:: The task ::
Here the job is to repeat the listing exactly, but not the pictures in it.

:: Given data ::
== Segment start ==
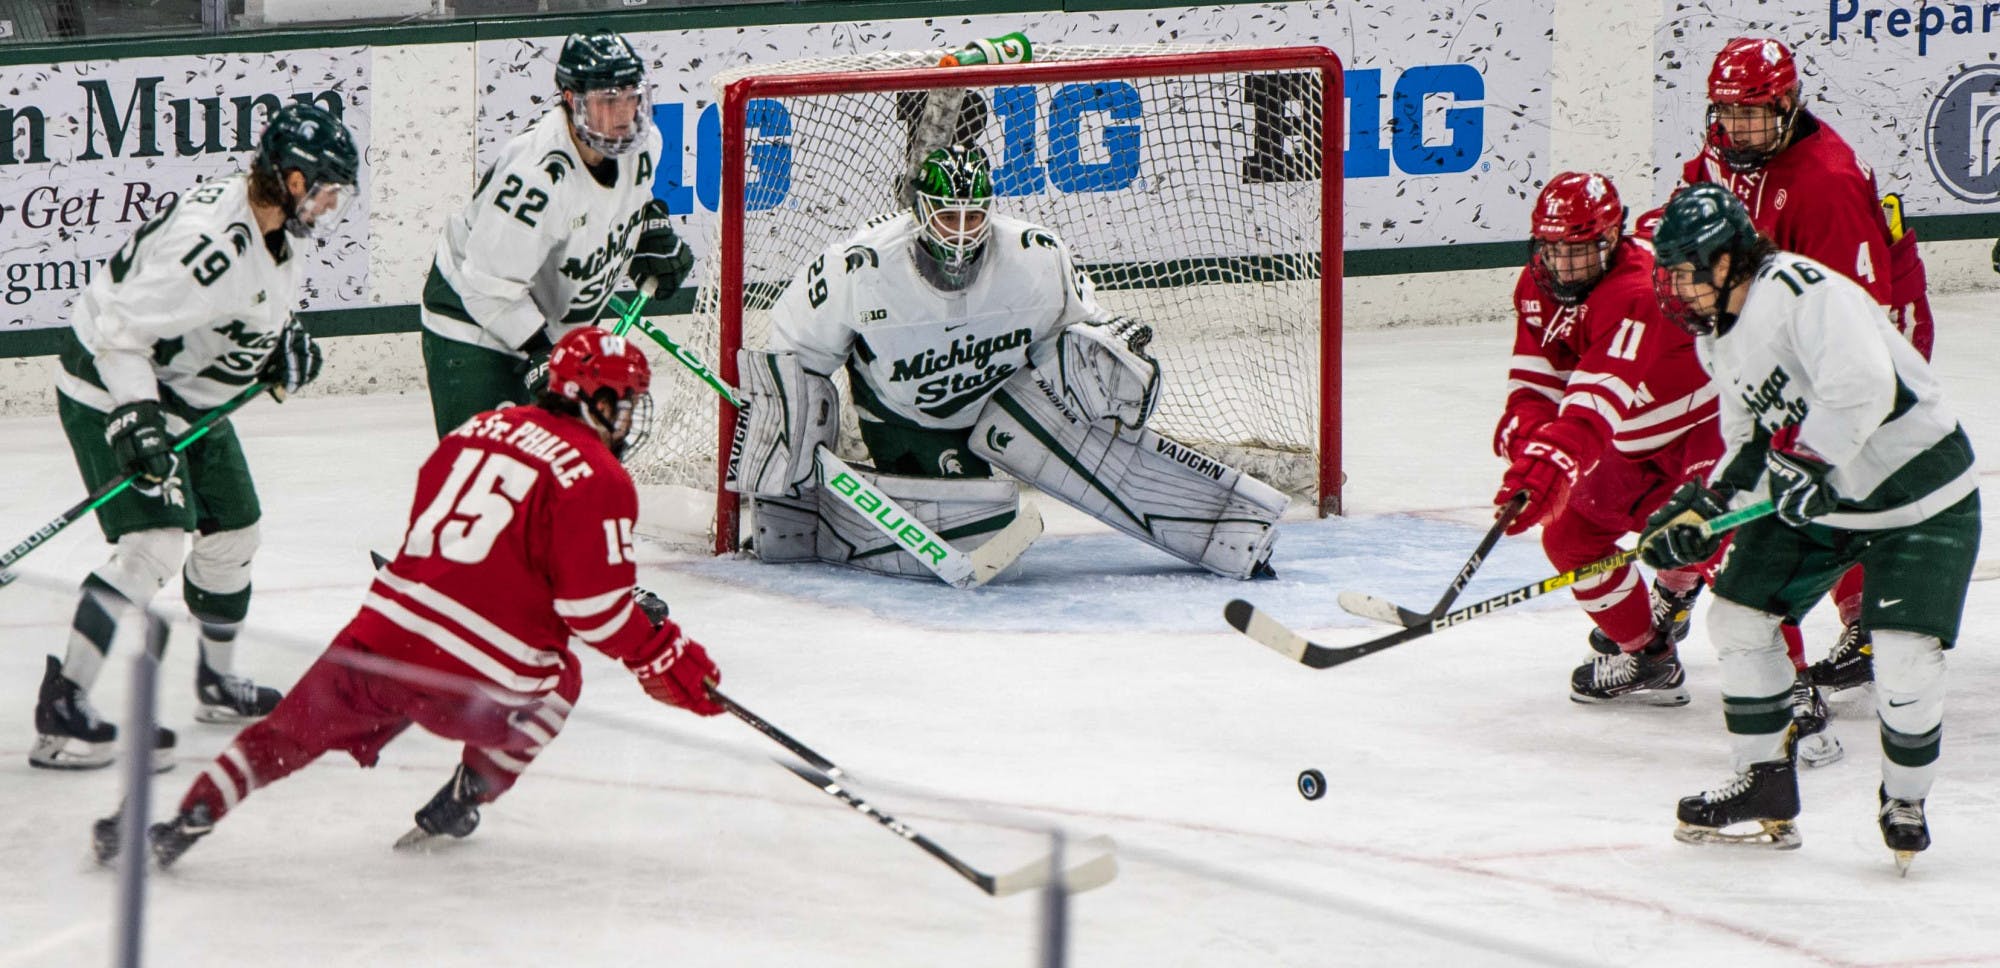 <p>Freshman goaltender Pierce Charleson (29) replaced DeRidder in the Michigan State goal early on in the game. The Badgers shut out the Spartans 4-0 at Munn Ice Arena on Mar. 5, 2021.</p>
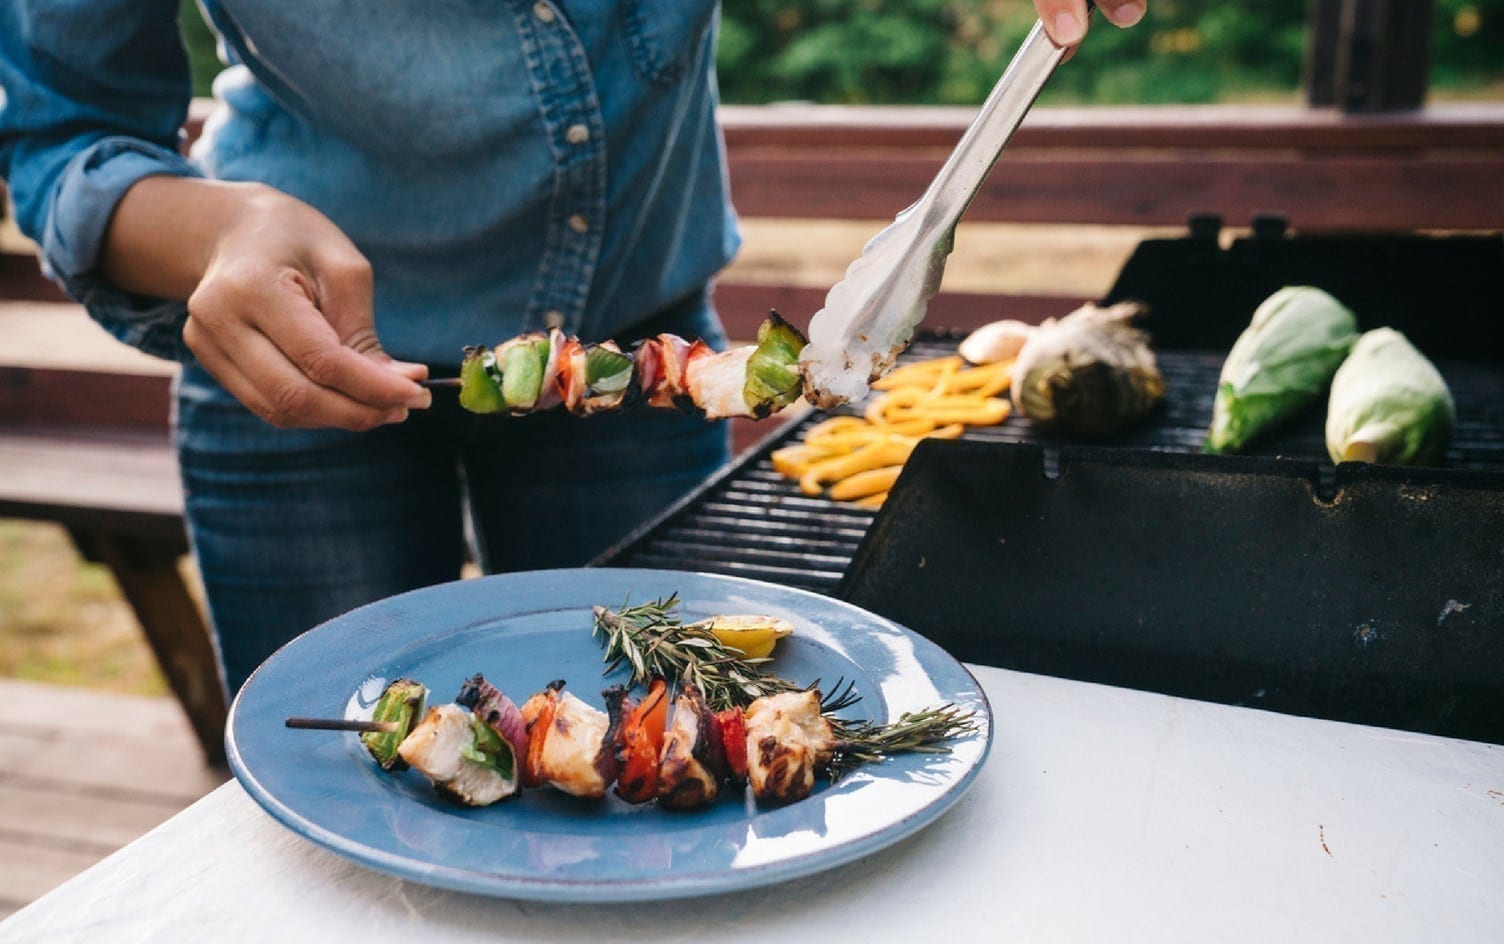 6 Steps to Stay Food-Safe at a Cookout | Nutrition | MyFitnessPal
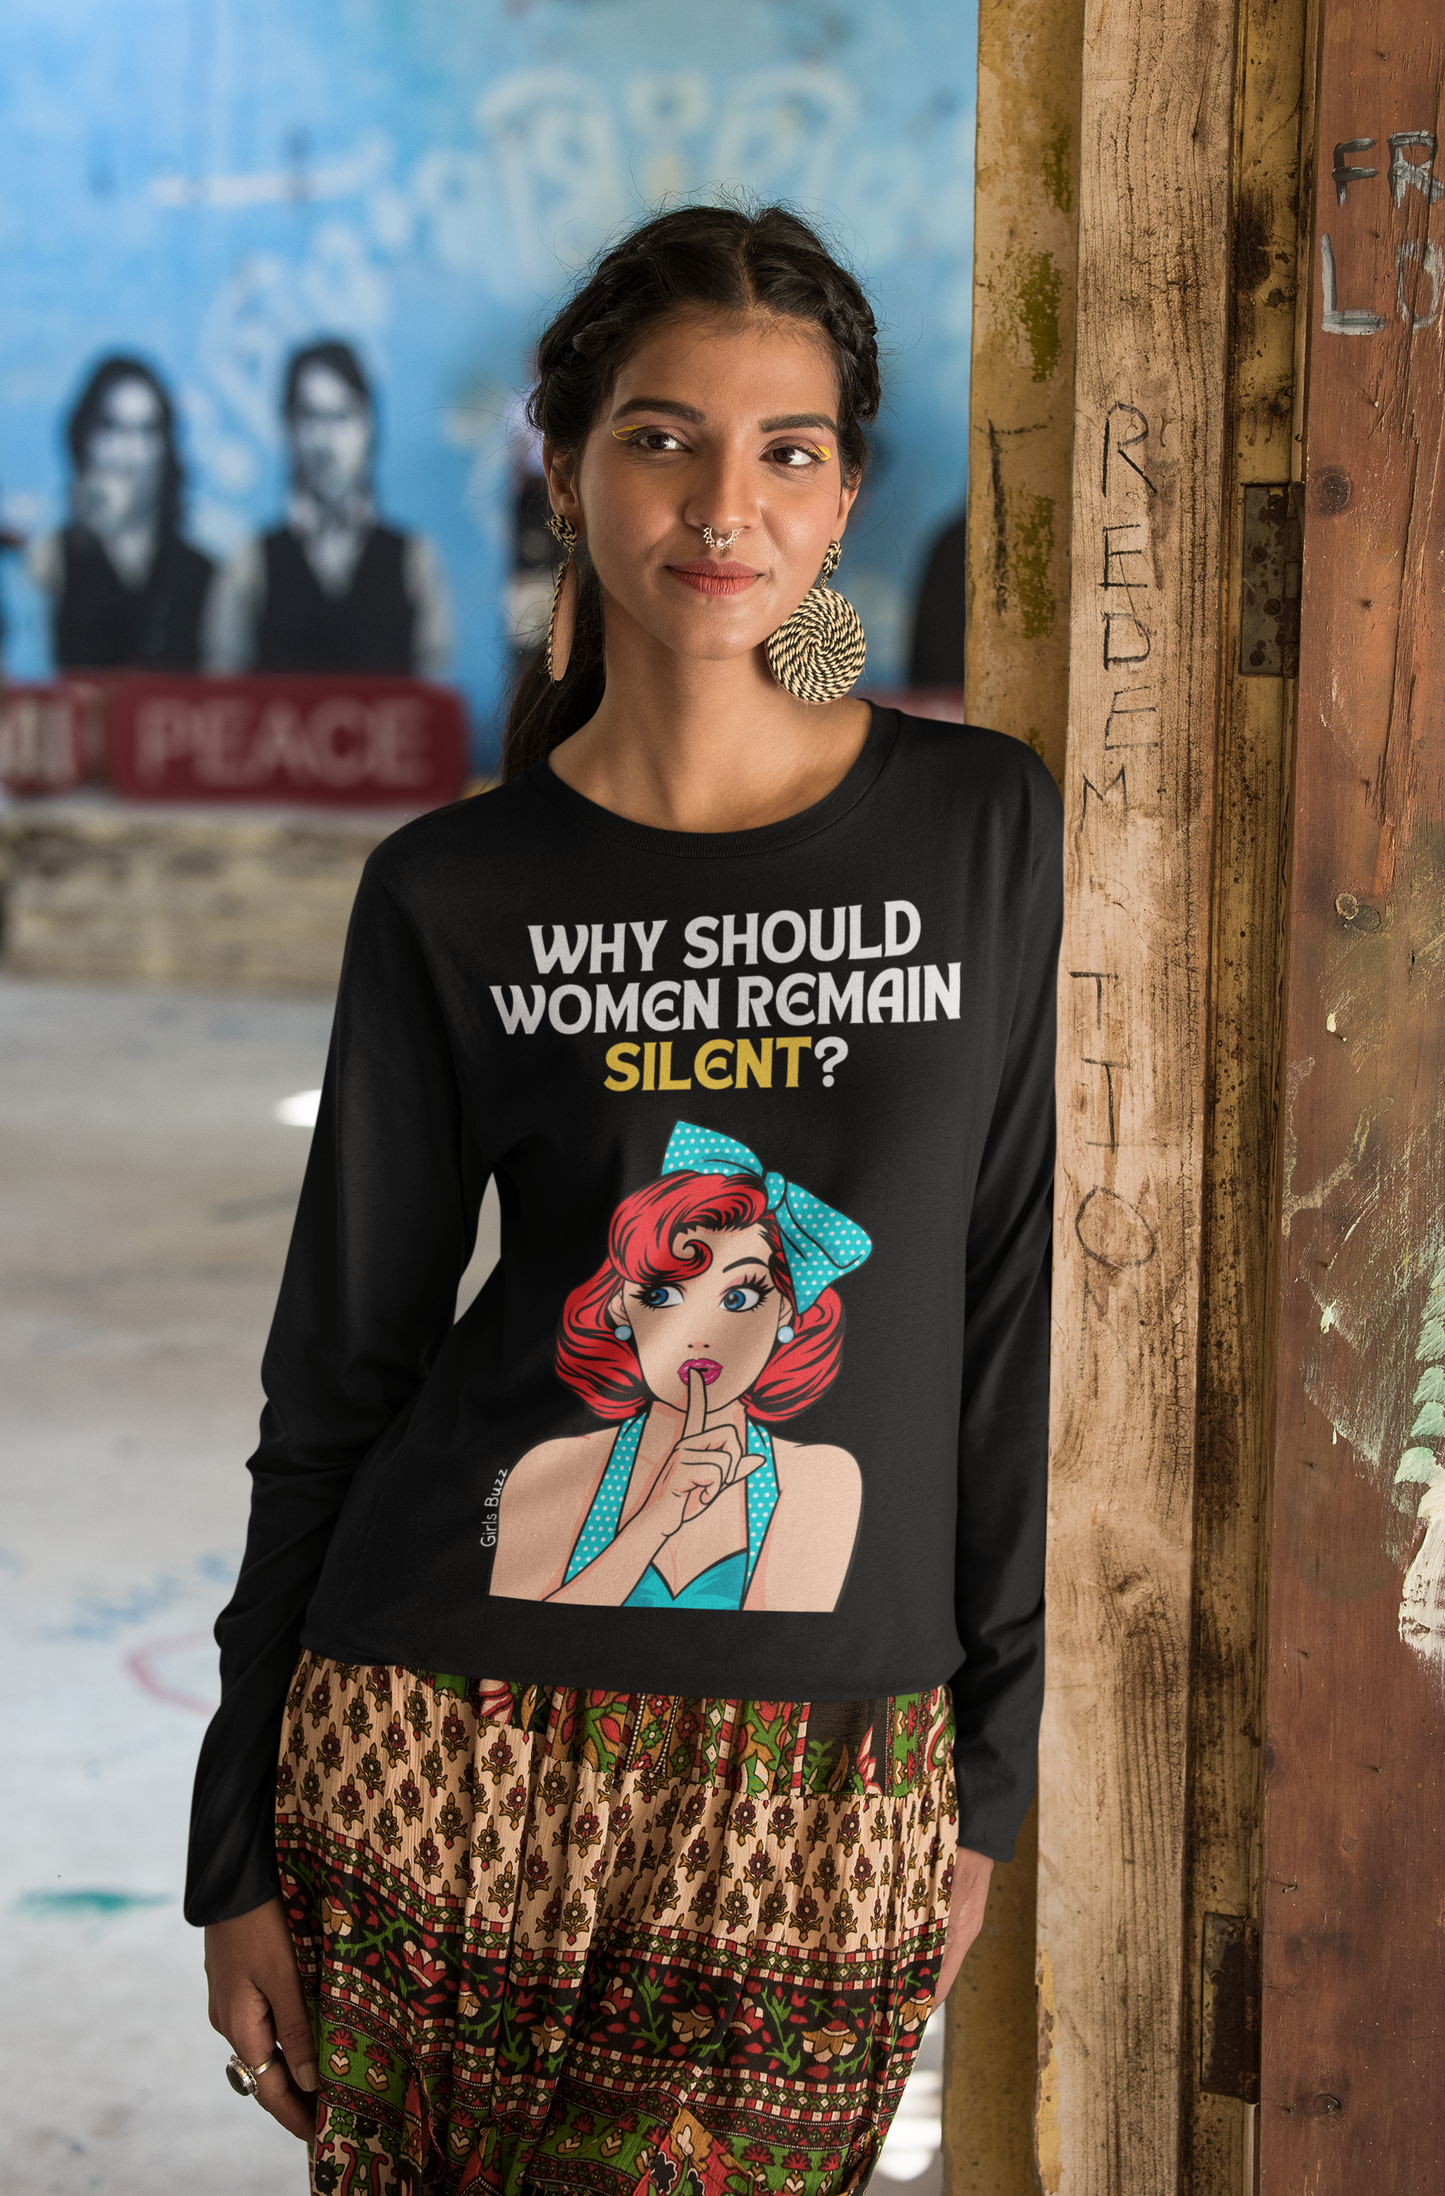 Why Should Women Remain Silent Full Sleeves T-shirt
== Segment end ==
:: Answer to this task ::
 <p>Freshman goaltender Pierce Charleson (29) replaced DeRidder in the Michigan State goal early on in the game. The Badgers shut out the Spartans 4-0 at Munn Ice Arena on Mar. 5, 2021.</p>
 6 Steps to Stay Food-Safe at a Cookout | Nutrition | MyFitnessPal
 Why Should Women Remain Silent Full Sleeves T-shirt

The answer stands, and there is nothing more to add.